The problem is that all the solutions given at Matplotlib plots: removing axis, legends and white spaces are actually meant to work with imshow
.
So, the following clearly works
import matplotlib.pyplot as plt
fig = plt.figure()
ax=fig.add_axes([0,0,1,1])
ax.set_axis_off()
im = ax.imshow([[2,3,4,1], [2,4,4,2]], origin="lower", extent=[1,4,2,8])
ax.plot([1,2,3,4], [2,3,4,8], lw=5)
ax.set_aspect('auto')
plt.show()
and produces
But here, you are using scatter
. Adding a scatter plot
import matplotlib.pyplot as plt
fig = plt.figure()
ax=fig.add_axes([0,0,1,1])
ax.set_axis_off()
im = ax.imshow([[2,3,4,1], [2,4,4,2]], origin="lower", extent=[1,4,2,8])
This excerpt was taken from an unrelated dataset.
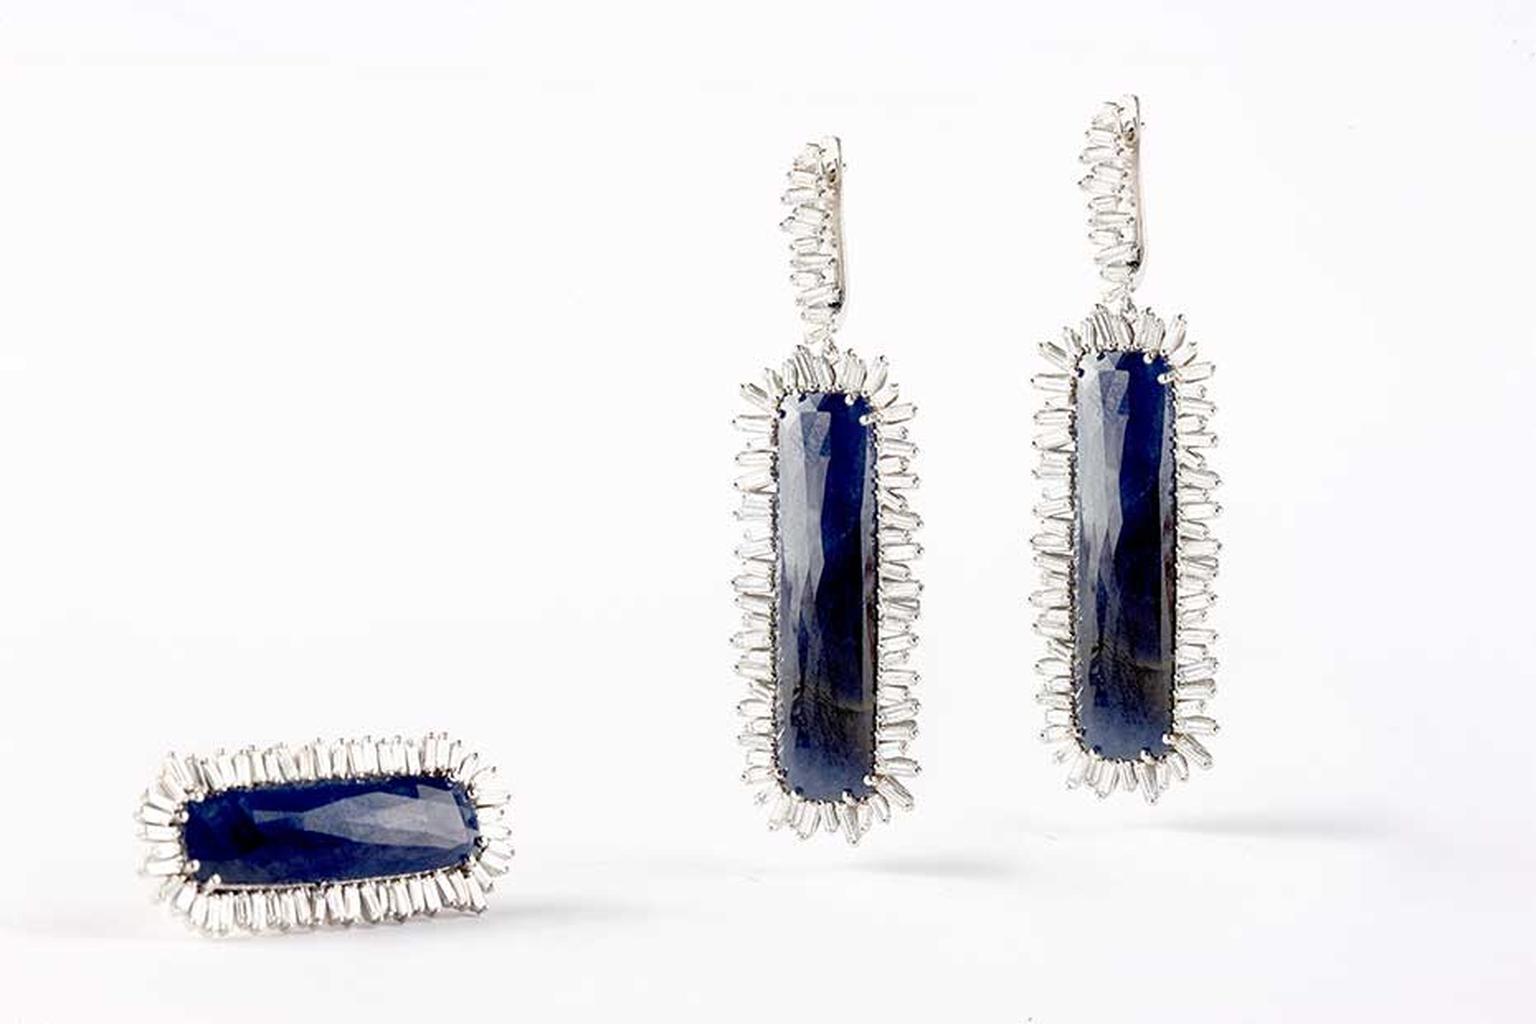 Suzanne Kalan one-of-a-kind white gold Vitrine ring with diamonds and a 16.40ct blue sapphire and white gold Vitrine earrings with baguette diamonds and 51.22ct blue sapphires ($36,000)

ax.plot([1,2,3,4], [2,3,4,8], lw=5)
ax.scatter([2,3,4,1], [2,3,4,8], c="r", s=2500)
ax.set_aspect('auto')
plt.show()
produces
Scatter
has the particularity that matplotlib tries to make all points visible by default, which means that the axes limits are set such that all scatter points are visible as a whole.
To overcome this, we need to specifically set the axes limits:
import matplotlib.pyplot as plt
fig = plt.figure()
ax=fig.add_axes([0,0,1,1])
ax.set_axis_off()
im = ax.imshow([[2,3,4,1], [2,4,4,2]], origin="lower", extent=[1,4,2,8])
ax.plot([1,2,3,4], [2,3,4,8], lw=5)
ax.scatter([2,3,4,1], [2,3,4,8], c="r", s=2500)
ax.set_xlim([1,4])
ax.set_ylim([2,8])
ax.set_aspect('auto')
plt.show()
such that we will get the desired behaviour.